Problem statement :: Among the entries below, retype exactly the lines starting with the one with "Horn Shaped J-Hoop" and going on through the one with "Creative Composites Group", but not the pictures.

Dataset entries ::
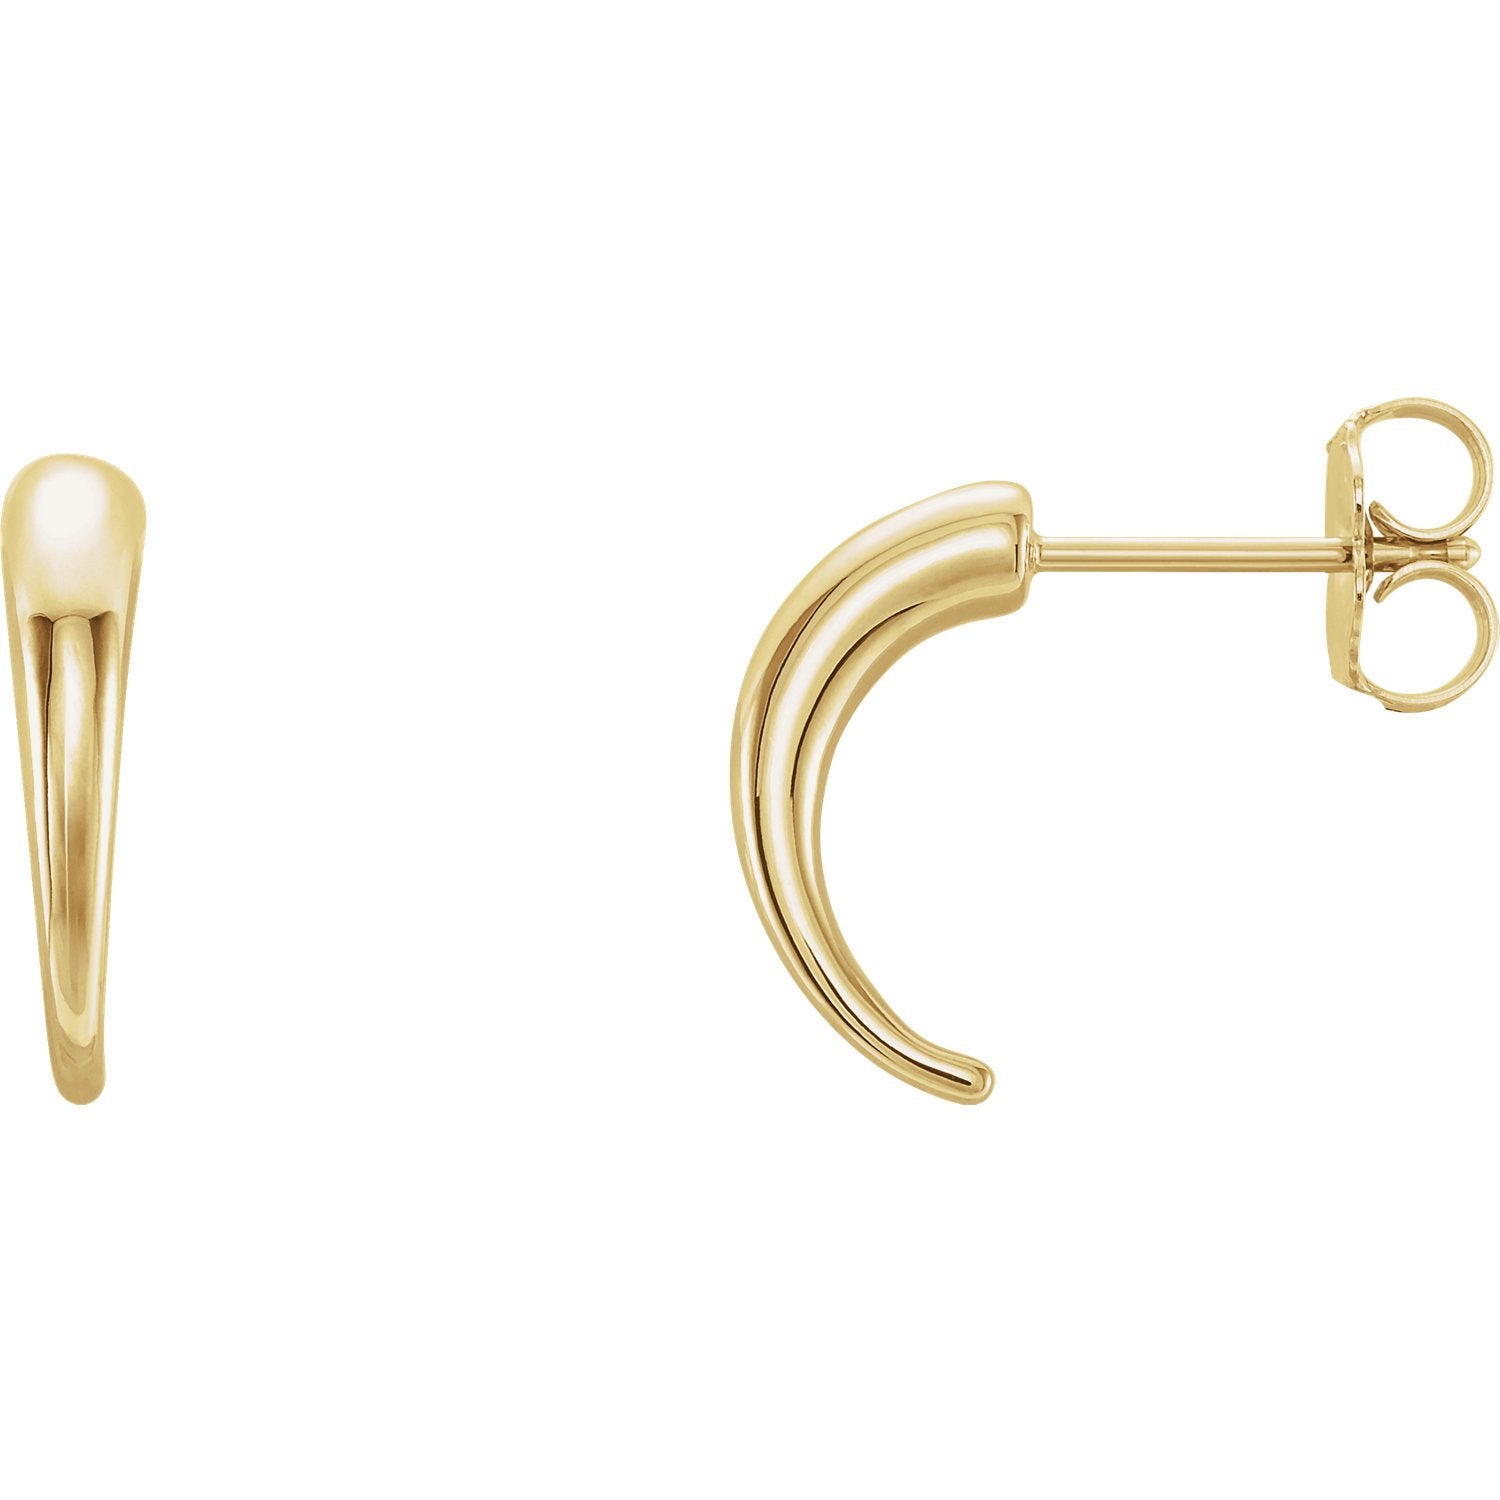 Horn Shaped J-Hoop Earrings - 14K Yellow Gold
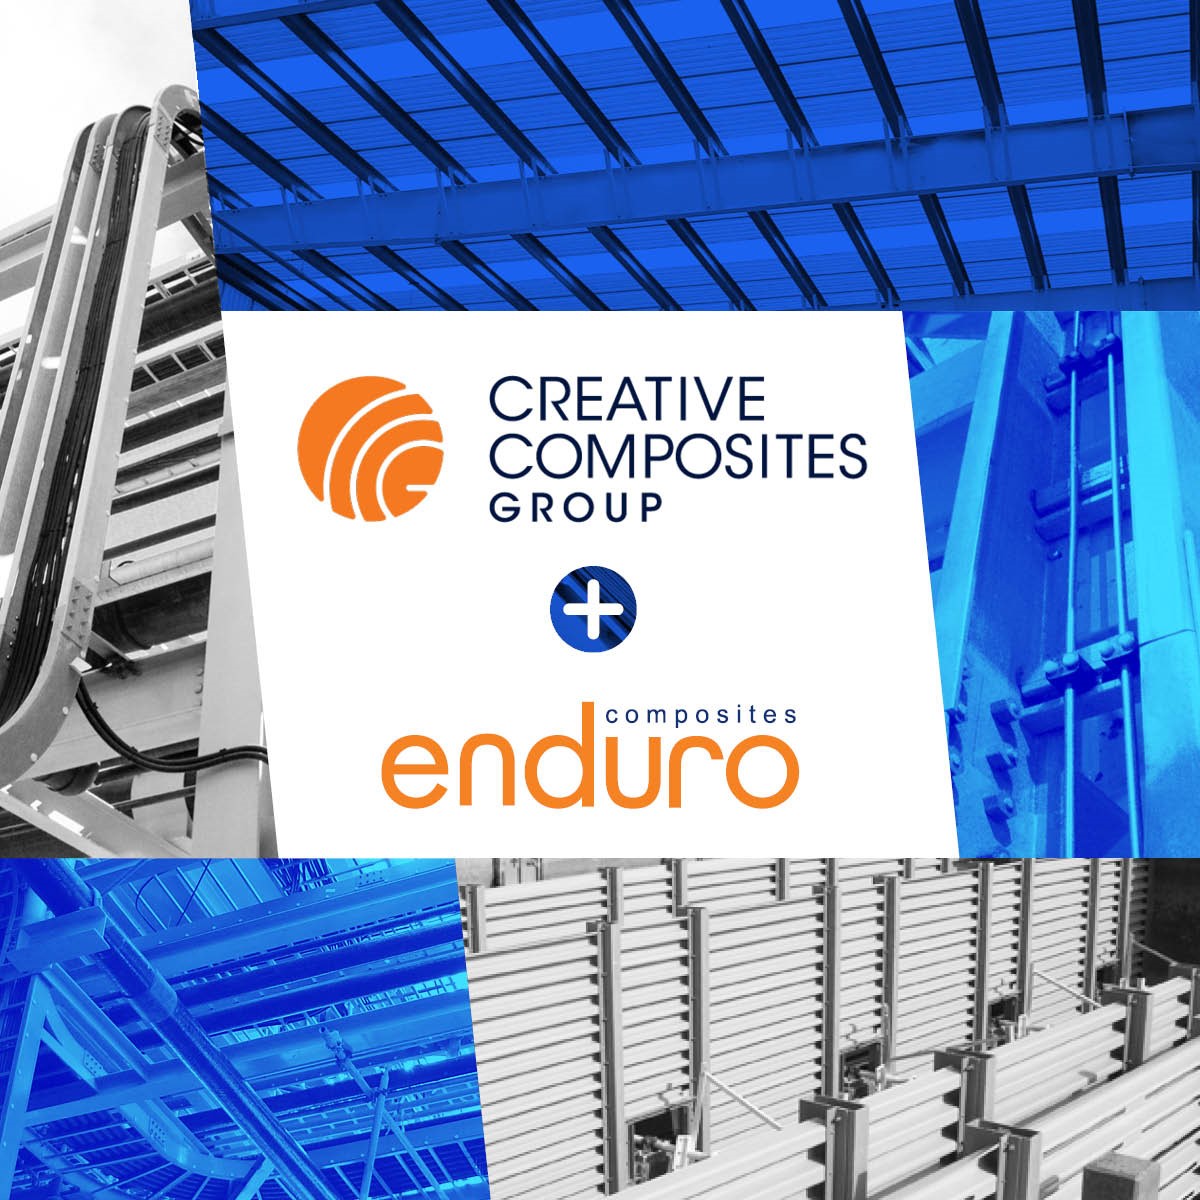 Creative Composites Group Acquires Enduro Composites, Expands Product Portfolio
* * *
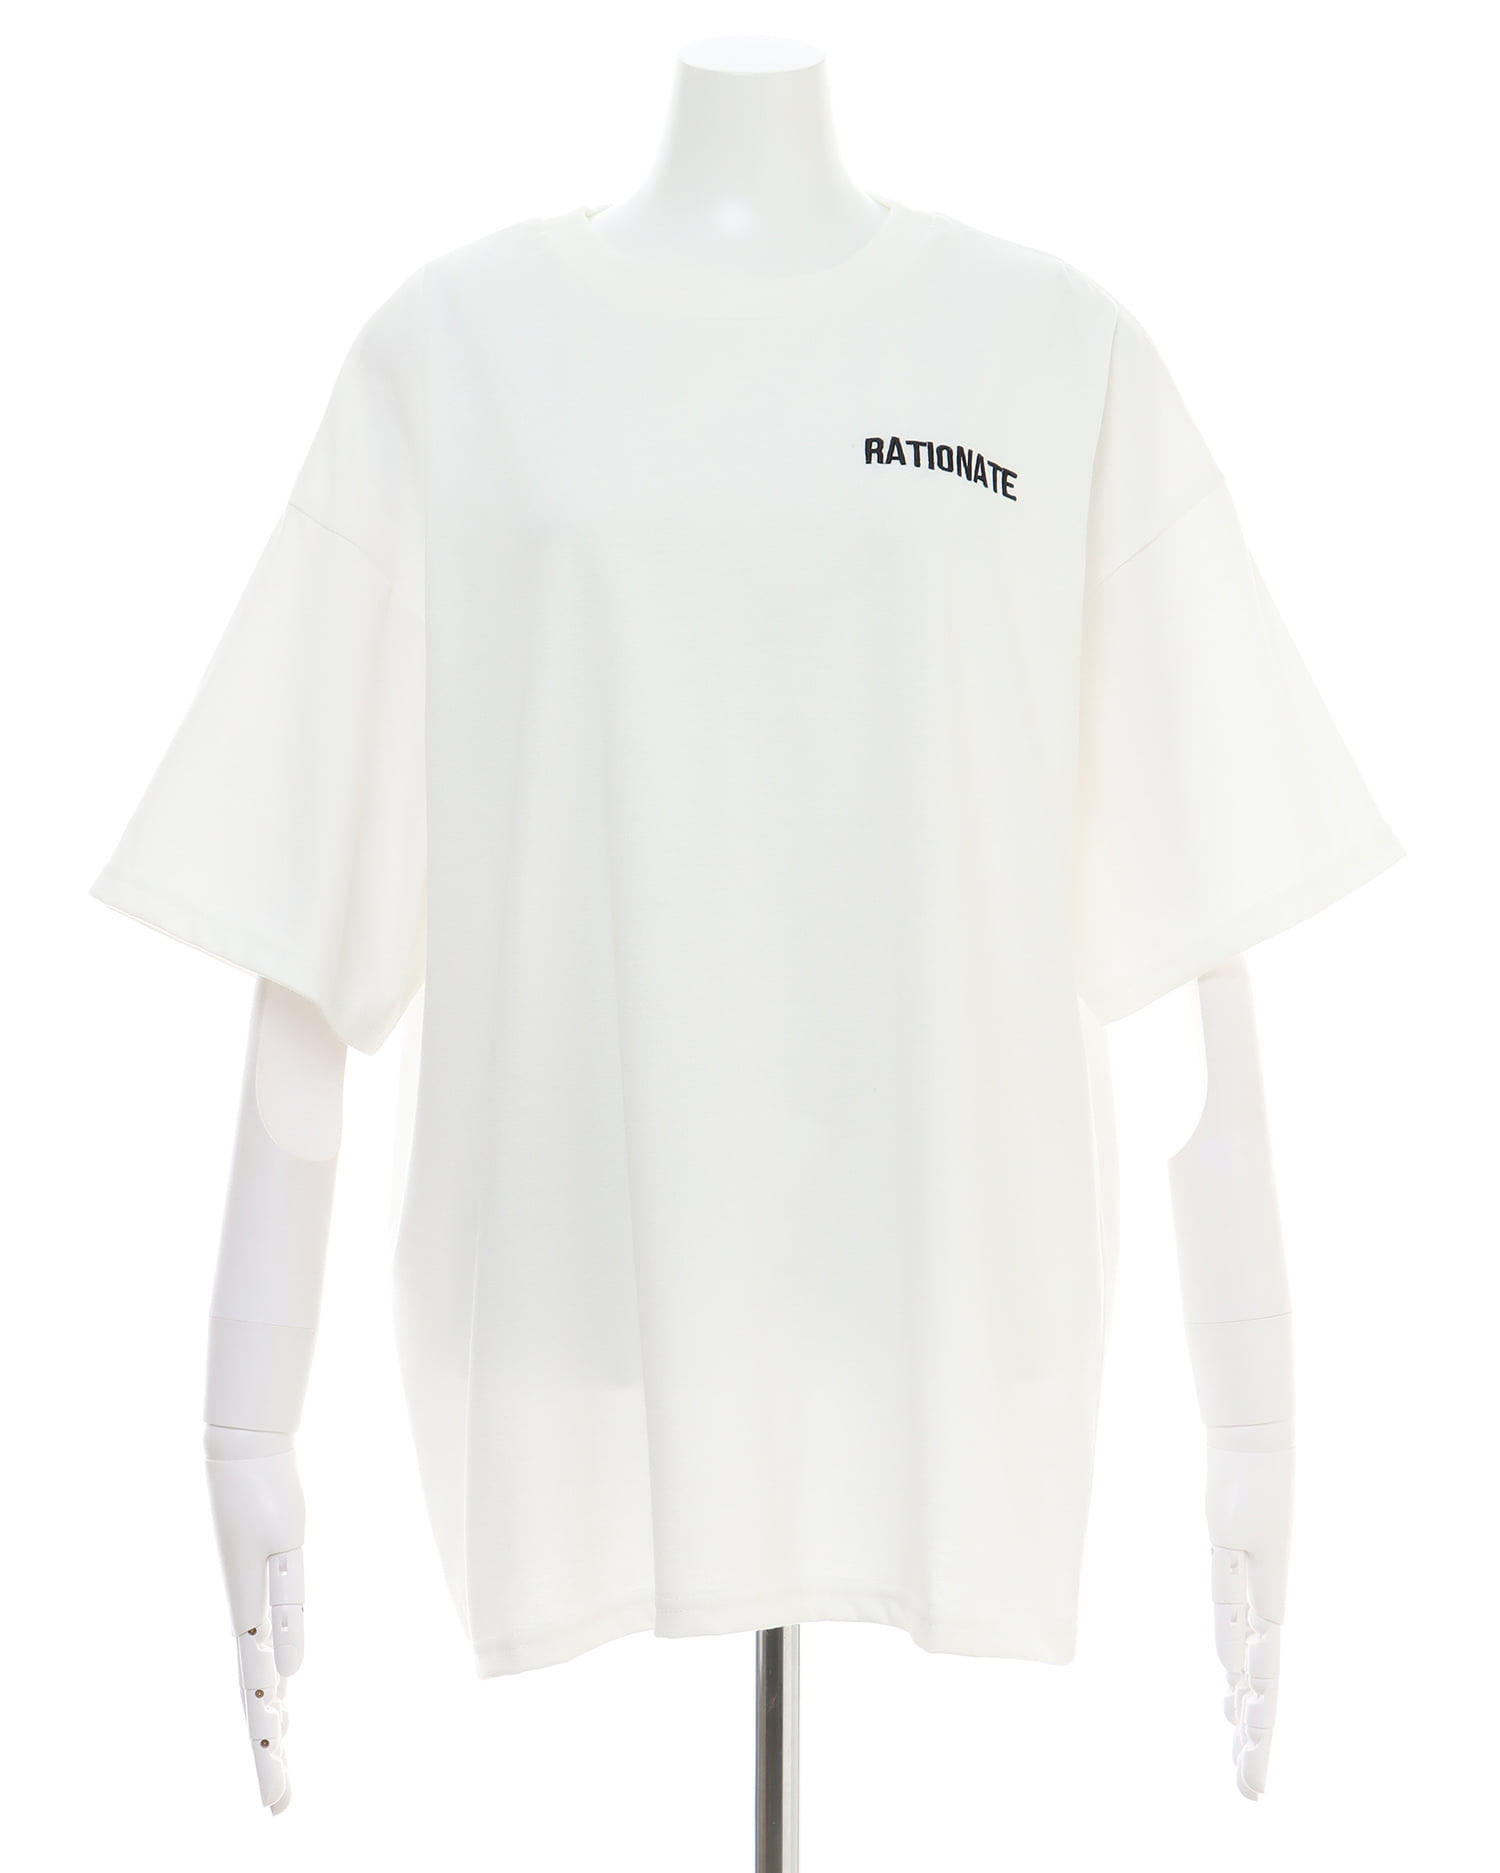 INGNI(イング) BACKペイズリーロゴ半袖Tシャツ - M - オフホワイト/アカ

Answer section ::
 Horn Shaped J-Hoop Earrings - 14K Yellow Gold
 Creative Composites Group Acquires Enduro Composites, Expands Product Portfolio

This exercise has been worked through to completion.